Tim Noakes' theories have gained more traction in recent years and his recommendations are now the basis for most athletes, but they have to be balanced with the needs of the athletes as well. 

it's all very fine saying ditch the carbs for a healthier lifestyle but in aerobic intensive sports, you still need those in reasonable volumes to fuel the muscles.

the old principle of ditching fats to stay healthy has now been generally proven to be incorrect - it's certain fats that need to be avoided, but not those from the like of butter, eggs etc.

a good healthy diet is easy, keeping fit is easy - you just need to make both part of your lifestyle choices. doesn't mean you can't binge out on the wrong food or booze at times as long as that's in moderation.


----------



## aldra (Jul 2, 2009)

Boozing in moderation?

That's me out then

Twice a year 40 days fast will have to sort it :lol: :lol: 

Aldra


----------



## motorbiking (Jul 21, 2014)

As others have said you really do have to take it easy to start. Talk to the gym staff on the floor, they are paid to give people advice you don't necessarily need a 1-2-1 Personal trainer, but a few tips here and there will be good. Focus on movement and range to start and then gradually build it up, pushing yourself a little each week. Its going to be a big strain on your heart, so be careful.

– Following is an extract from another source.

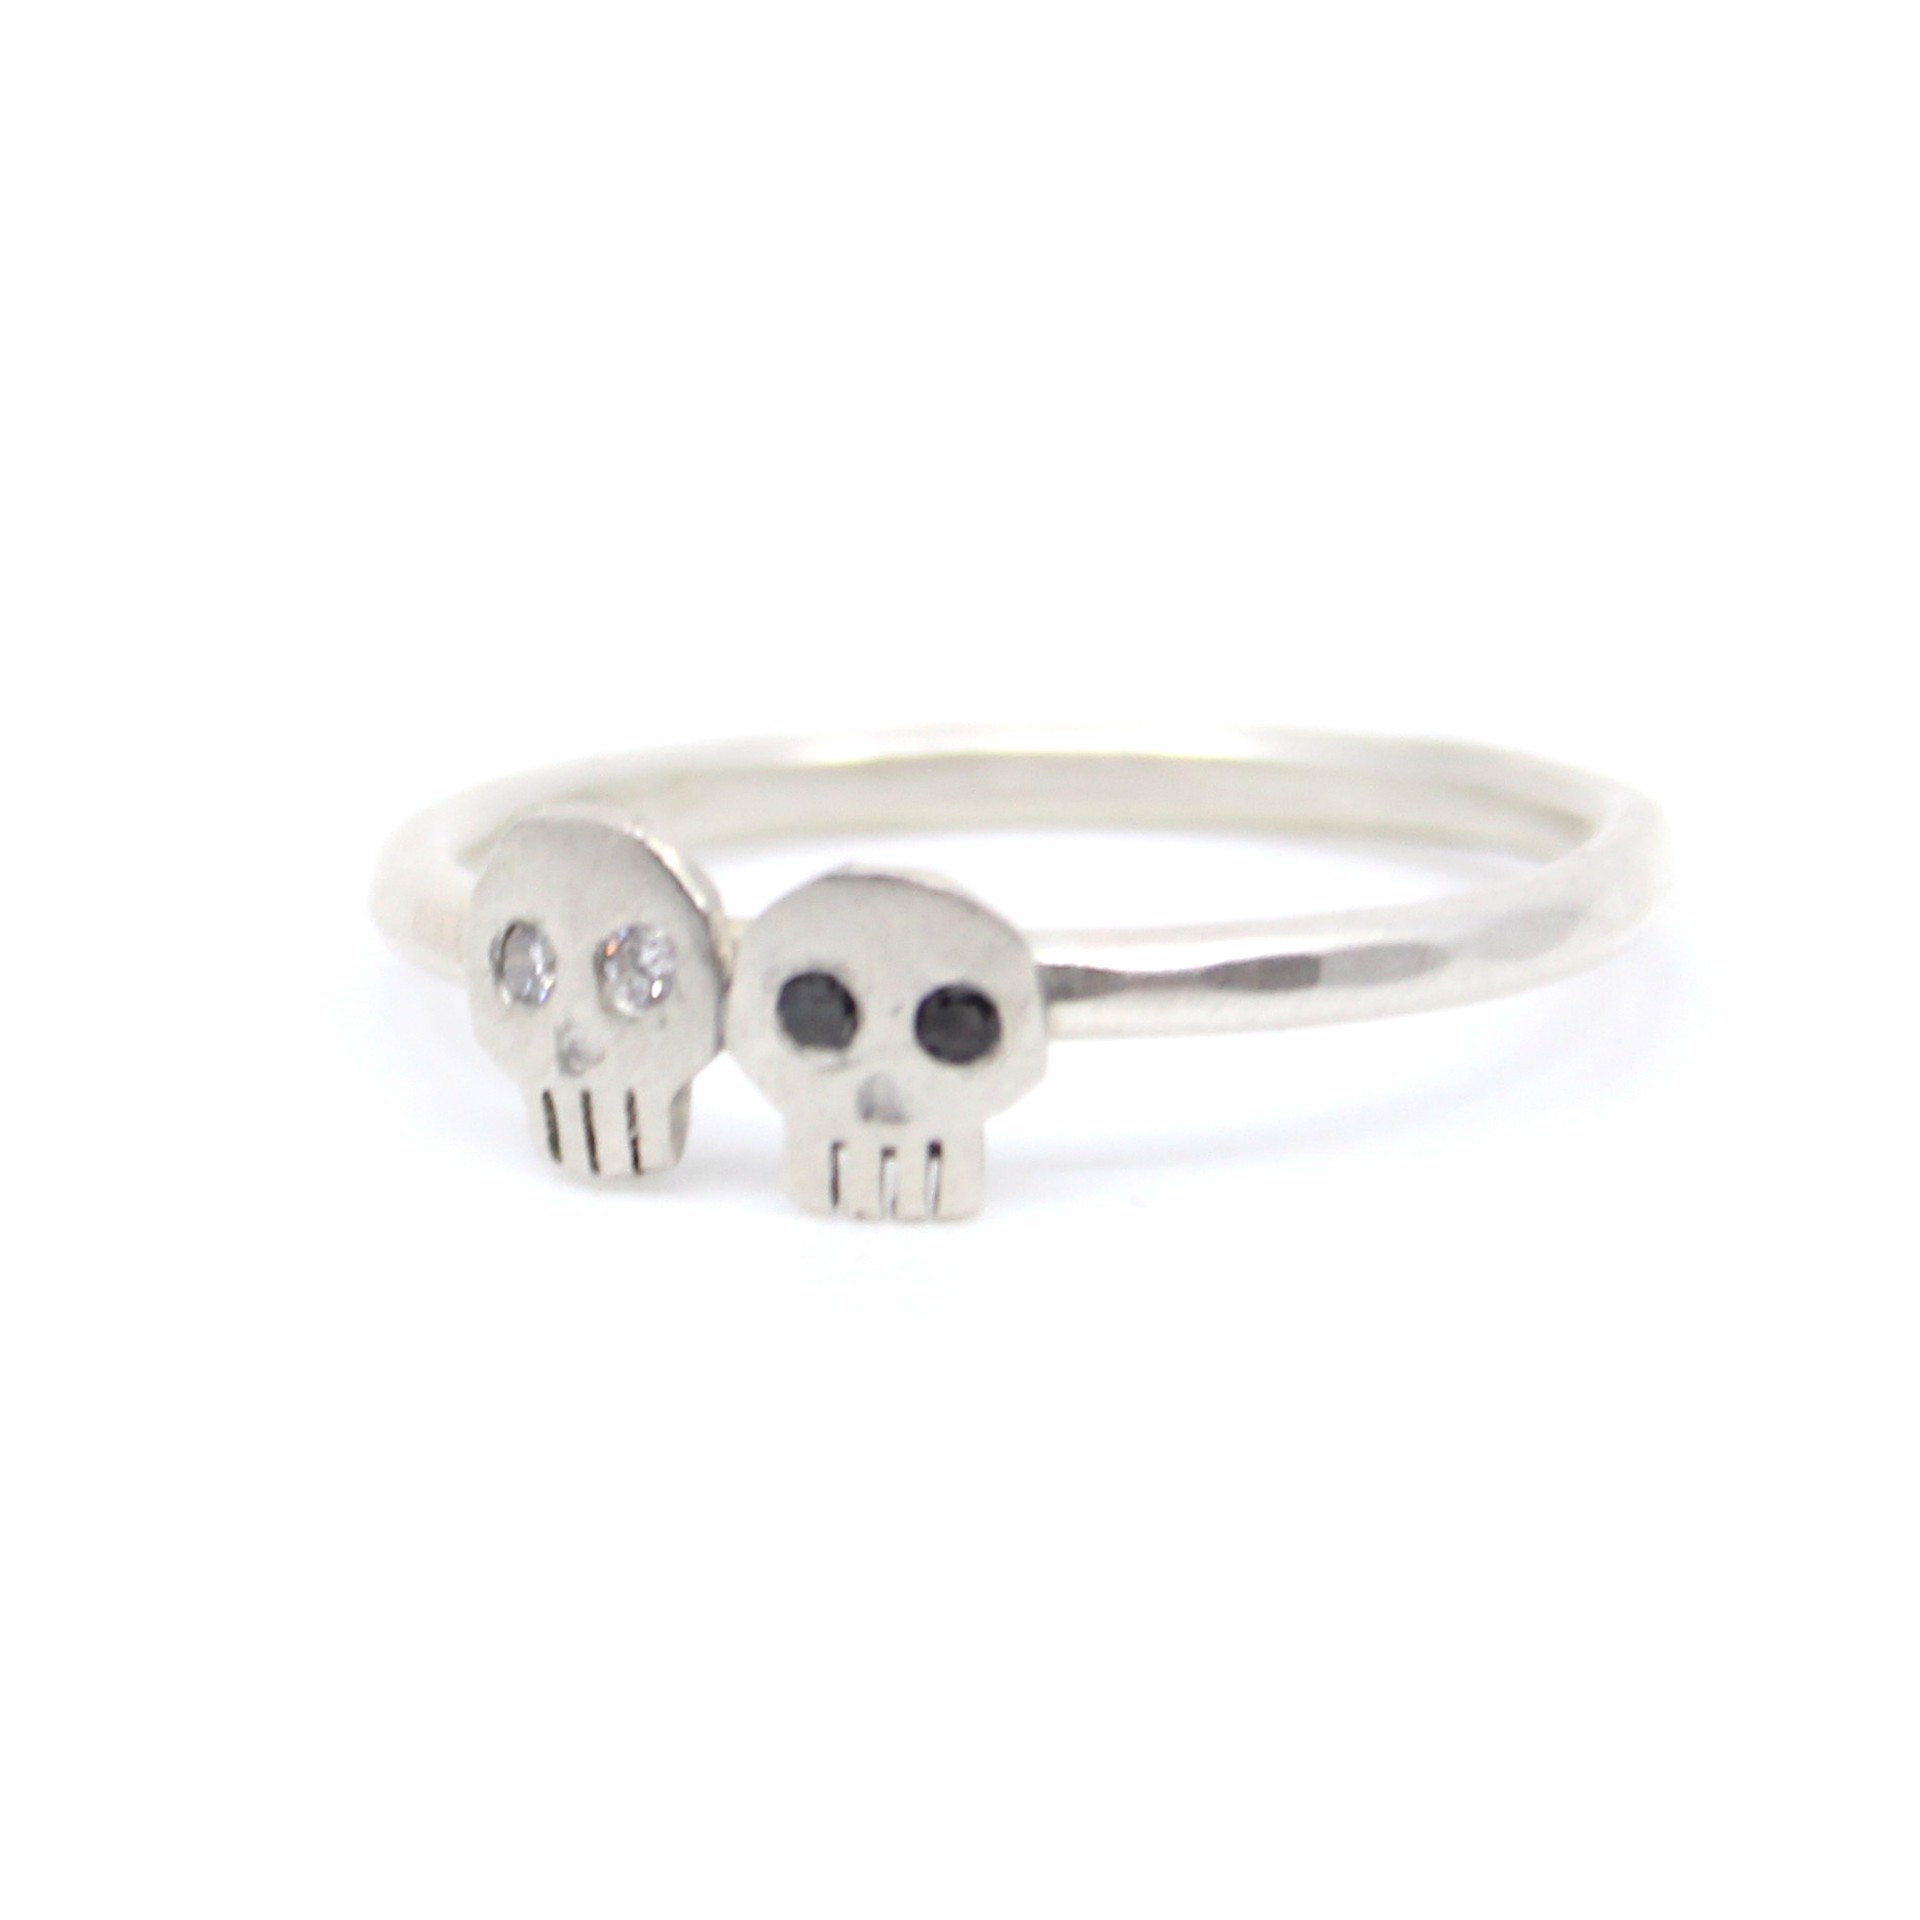 Skull Buddies Ring (Size 6.5) by Susan Elnora

Be clear about your fitness goals. Do you want to improve your cardio ability, get stronger, lose weight etc? You cannot just jump in at the deep end particularly if you are doing cardio work. Your CV system wont have anything like the capacity.

On the subject of diet, there are lots of models out there, eating a balanced, healthy lower fat diet is one way, but many other successful approaches, like intermittent fasting or alkaline diets.

If you're goal is weight loss its going to be very hard to do this with gym alone. The avg. person would need to do around 6 hours of exercise to burn a 1 lb of fat.


----------



## HermanHymer (Dec 5, 2008)

Or you could just come to Switzerland for a break, and do some walking - the hills and the treks to the bus stops get you fit in no time. This is living proof talking!


----------



## drcotts (Feb 23, 2006)

THanks All for the replies
Much to go on It seems

Phill


----------



## GMLS (Dec 2, 2010)

Went on a running machine in a gym once.

Warning sign said stop exercise immediately if you feel pain.

So I did. Haven't been back :lol:


----------



## bulawayolass (Jul 27, 2010)

Kick the gym into touch go to a personal trainer they will do a boot camp for about £3 to 5/session and pvt are about £10. You will have one on one or even in the group be doing activity to your level they will show you what to do and if the group do ...say 10 of whatever you do 2 or 3 and slowly get used to things. It isnt about saying you can do what they do it is about building at your pace.

They will give you simple exercises to do at home to build yourself up.

Diet advice given, l advise low cab high fat. Also similar but higher carb is paleo diet. Your body doesn't need carbs for energy it gets what it needs from fat. (wont go into reasons and mechanics)Carbs and starches are lethal they are sugar.

Your level of exercise wont need carb boosting. I don't and l am at a much higher level of exercise than you. This Saturday l am in total warrior 6 miles over 30 hard obstacles and will do a small carb boost and carry carbs only because l do not want big liver dumps..... your body dumps glucose when you get low hence not needing to take carbs unless heavy duty exercise. With type 2 diabetics our liver dumps are uncontrolled. 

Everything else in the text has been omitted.